Source records:
=== Section Start ===

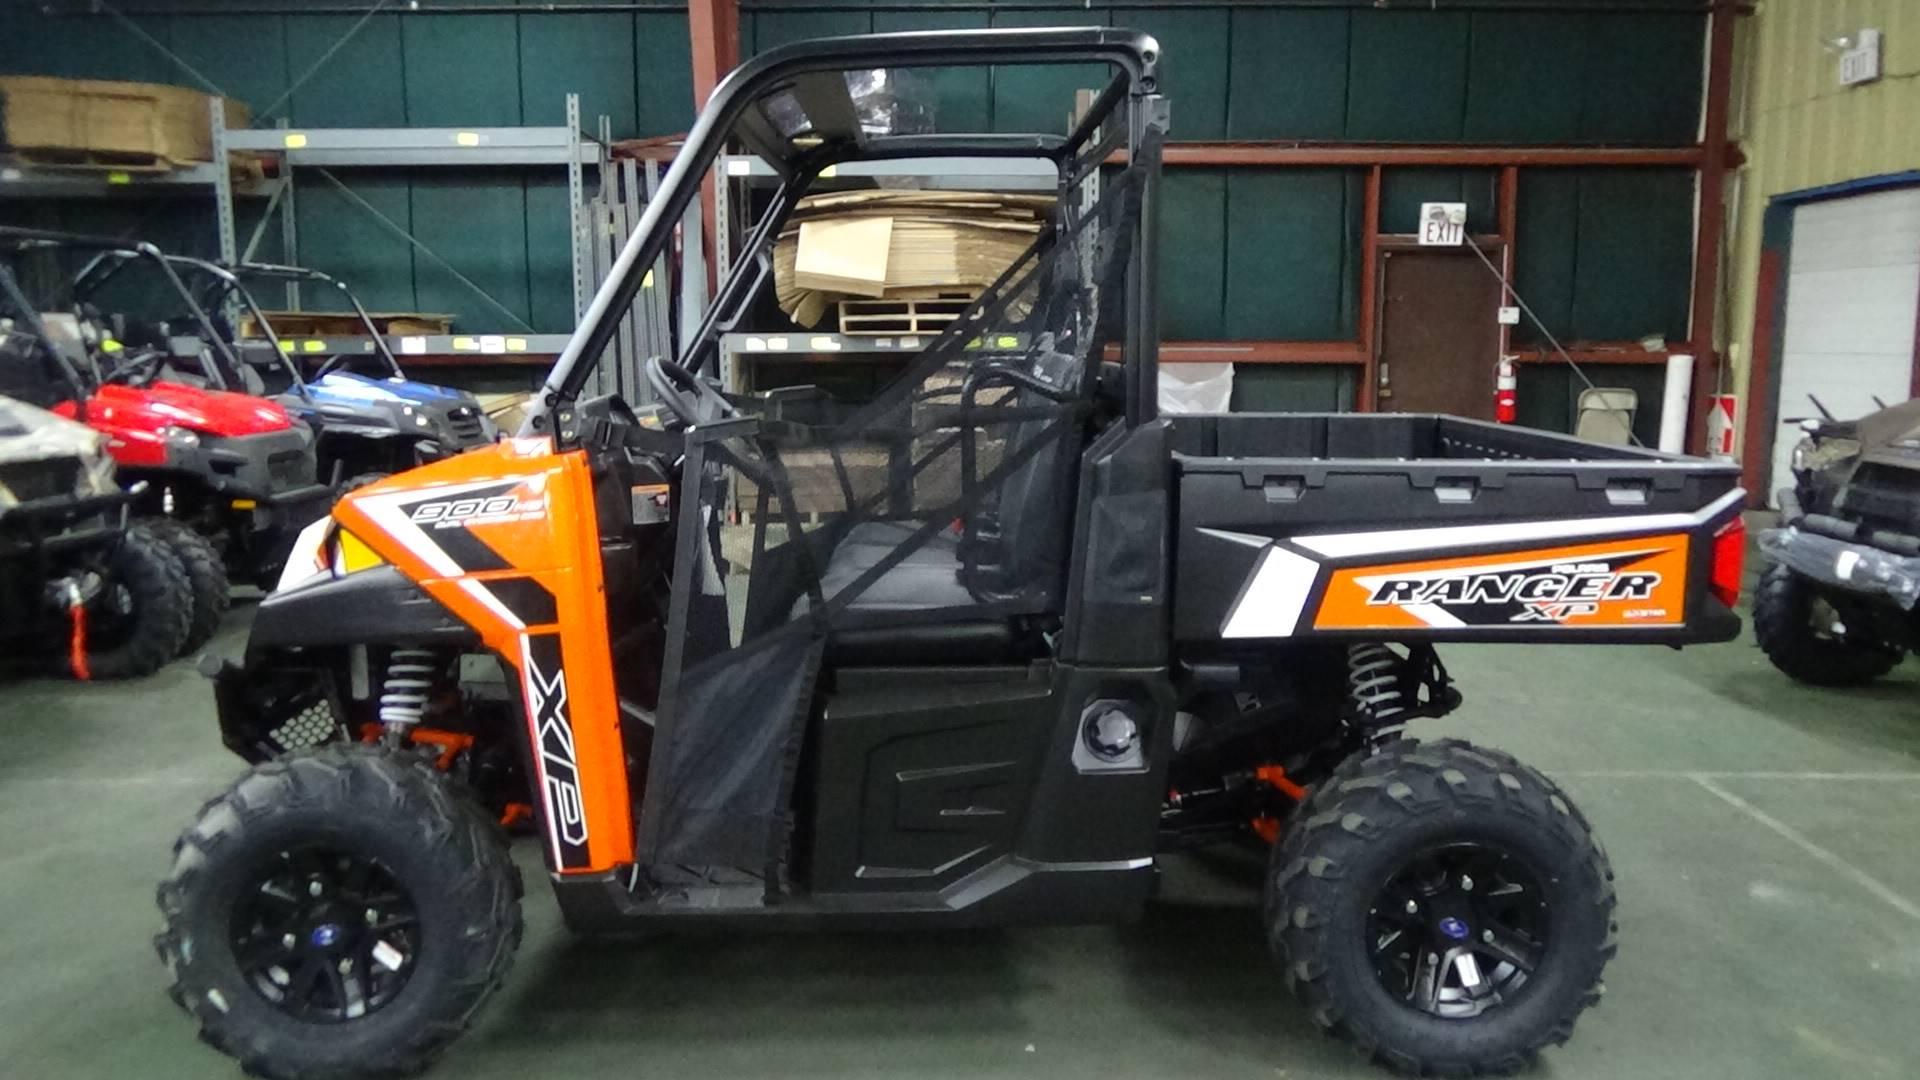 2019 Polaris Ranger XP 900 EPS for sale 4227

=== Section End ===
=== Section Start ===

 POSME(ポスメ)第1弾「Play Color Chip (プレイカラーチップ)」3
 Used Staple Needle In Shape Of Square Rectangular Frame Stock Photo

=== Section End ===

Work to complete:
Above are the entries. Quote exactly the lines from the one bearing "POSME(ポスメ)第1弾「Play Color Chip (プレイカラーチップ)」3" through the one bearing "Used Staple Needle".

Task response:
 POSME(ポスメ)第1弾「Play Color Chip (プレイカラーチップ)」3
 Used Staple Needle In Shape Of Square Rectangular Frame Stock Photo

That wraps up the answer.